In fact even reading it, especially of the fates of his family and others (neighbours, people they knew) in Germany, one can’t but be heartbroken (and very angry), and still unable to process how humans can knowingly, intentionally (and clearly sadistically) do what they did, and continue to do so. While we don’t go into terrible detail, it cannot but wrench one’s heart and bring out all emotion.
Alongside is the author’s own story—life as a second-generation immigrant with her own experiences of belonging, racism, her partner and children, the story of her parents, relationship with her family as also loss and grief (another that she and Henry share).

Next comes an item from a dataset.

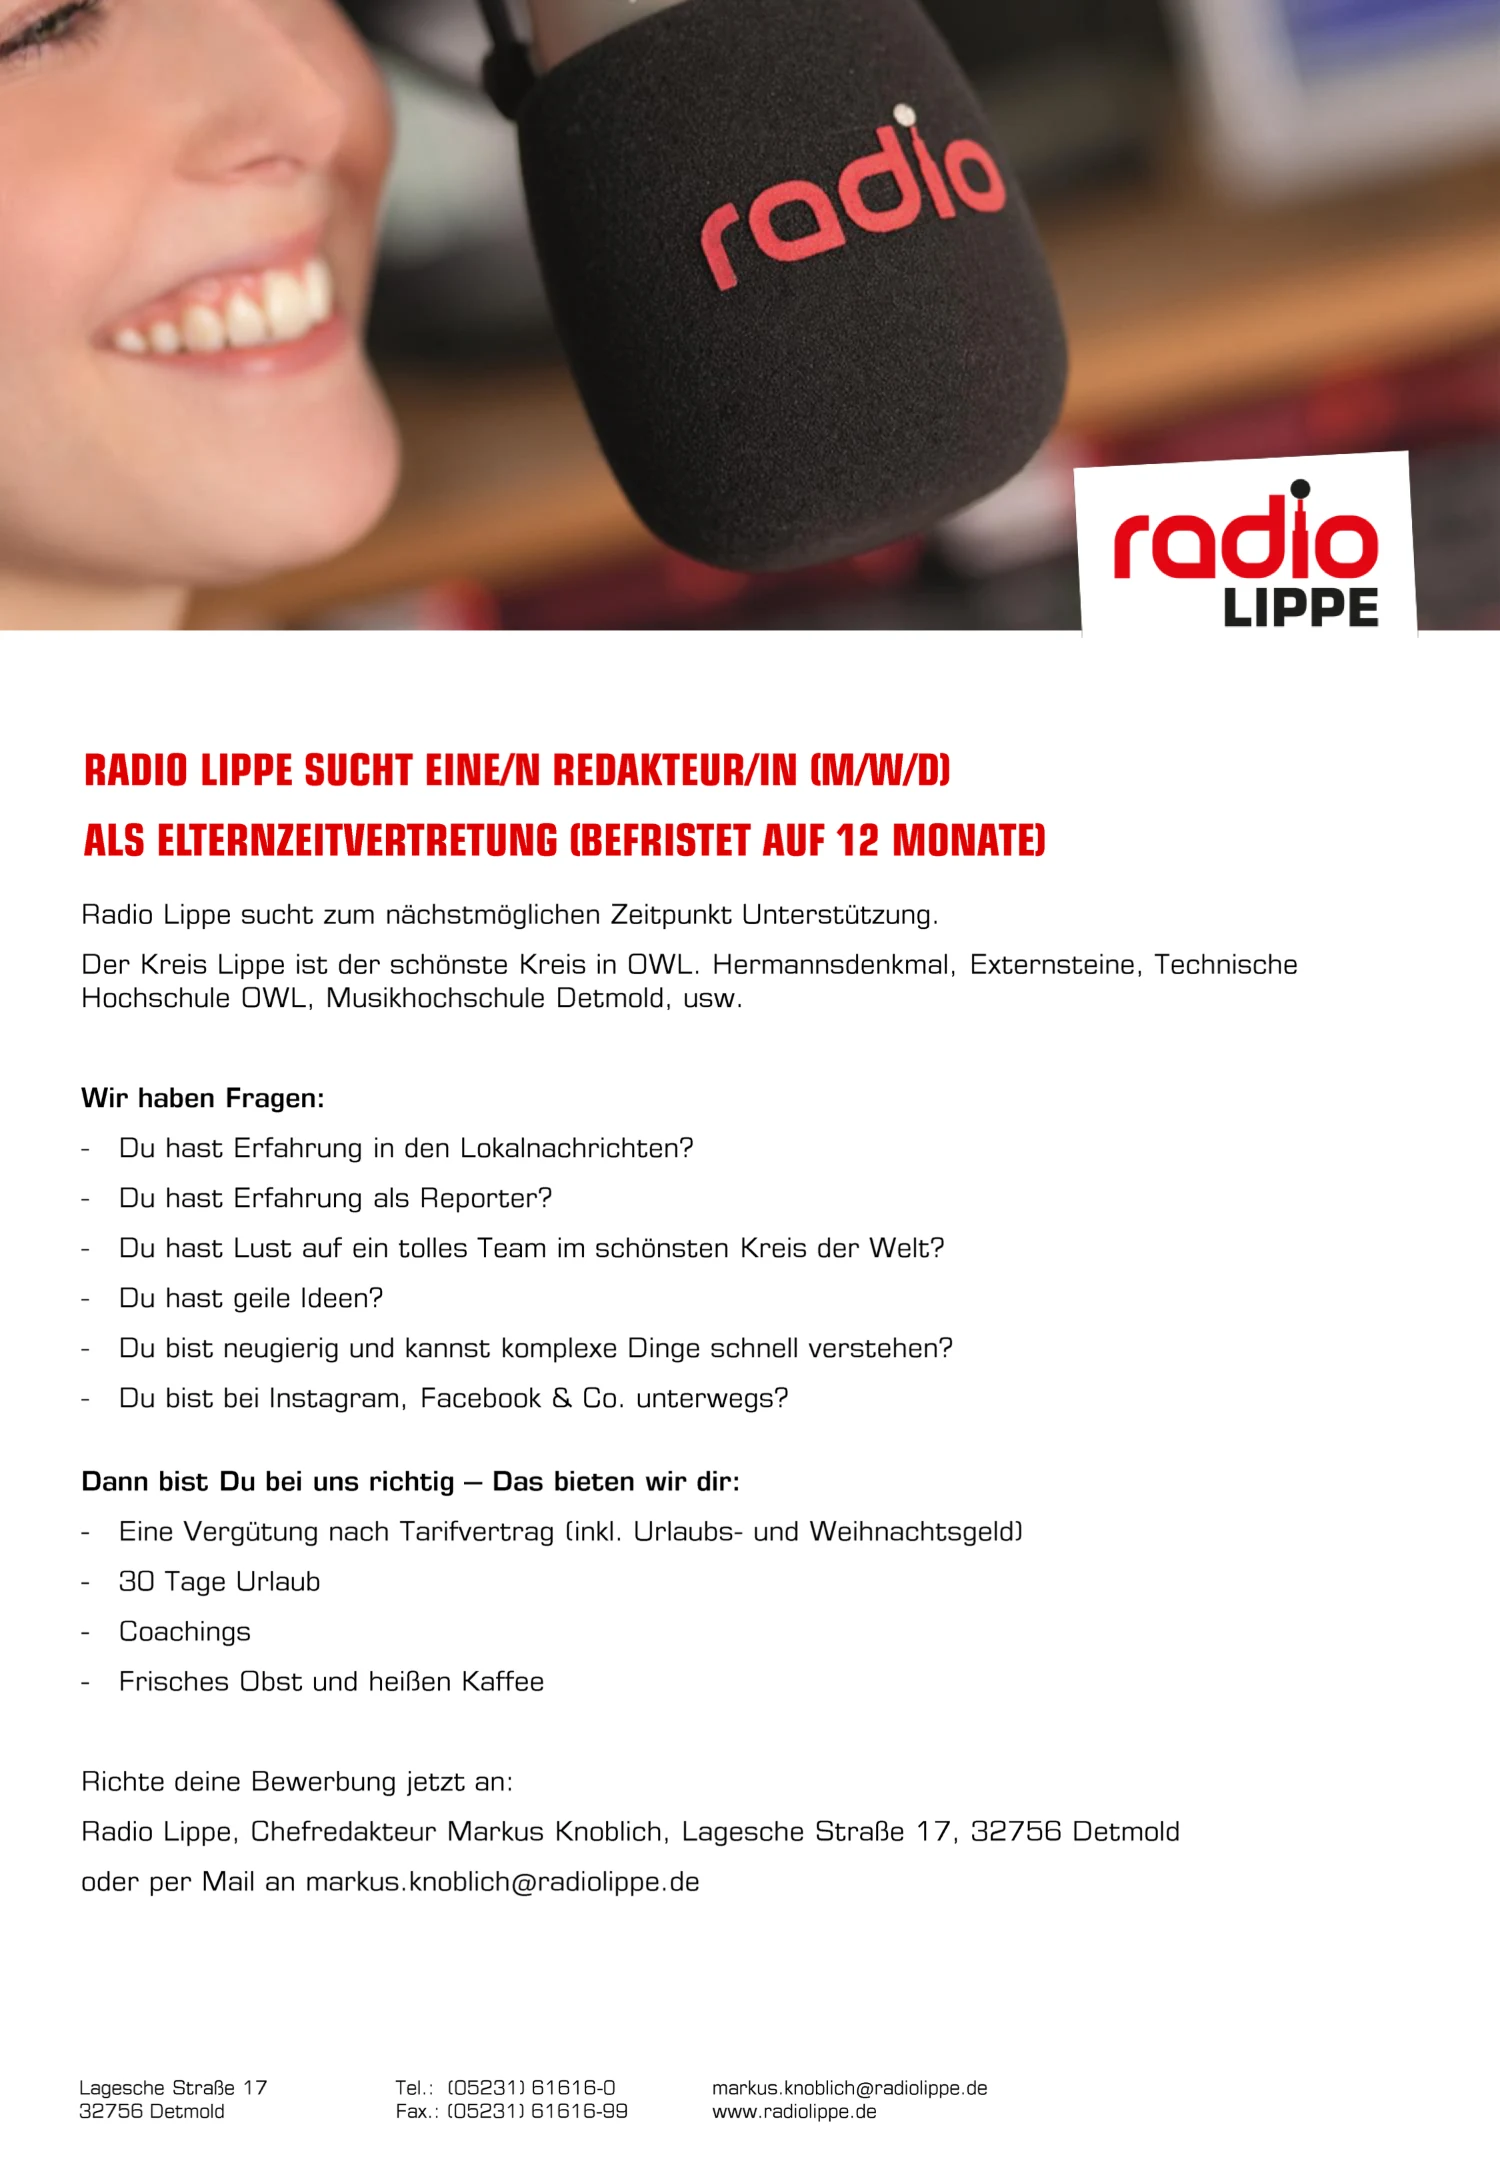 Radio Lippe sucht zum nächstmöglichen Zeitpunkt eine/n Redakteur/in (m/w/d) als Elternzeitvertretung (befristet auf 12 Monate)

Homelands is of course these personal stories, but interwoven in them are also issues of history, of government and politics—the appalling (yet unsurprising) lack of humanity exhibited and which continues to be so and its counterpart of sorts in society or amongst the general popular in racist and like attitudes.
In telling these stories, the author is not simply conveying fact but emotion, and does this both in her own case and that of Henry by describing the moments in all their dimensions—whether the flowers she is looking on at when told bad news, or the smell and taste of food her mother created, or in Henry’s listening to the music that he speaks of having enjoyed or the scents that he associates with specific moments or people.
Just earlier in the week I was reading a review by Susan at A Life in Books where she described an unusual set of acknowledgements in the volume she reviewed. In this one interestingly was an unusual bibliography, since not only does the author list the different volumes (also audio, film and journalistic sources) that have inspired her and that she had relied on, but also describes what she got from each—not content as much as approaches, literary devices, techniques, ways of being and much else. These range from W.G. Sebald who forms a pivot of sorts for the narrative to Hannah Arendt, Deborah Levy, Walter Benjamin, Susan Sontag and many others.
Deeply felt and emotional, with moments heart-wrenching and despairing, but also plenty of warmth, love, joy and friendship, this is an account that mightn’t fall within neat categories but is an excellent one to delve into, which will lead to many thoughts and touch many chords.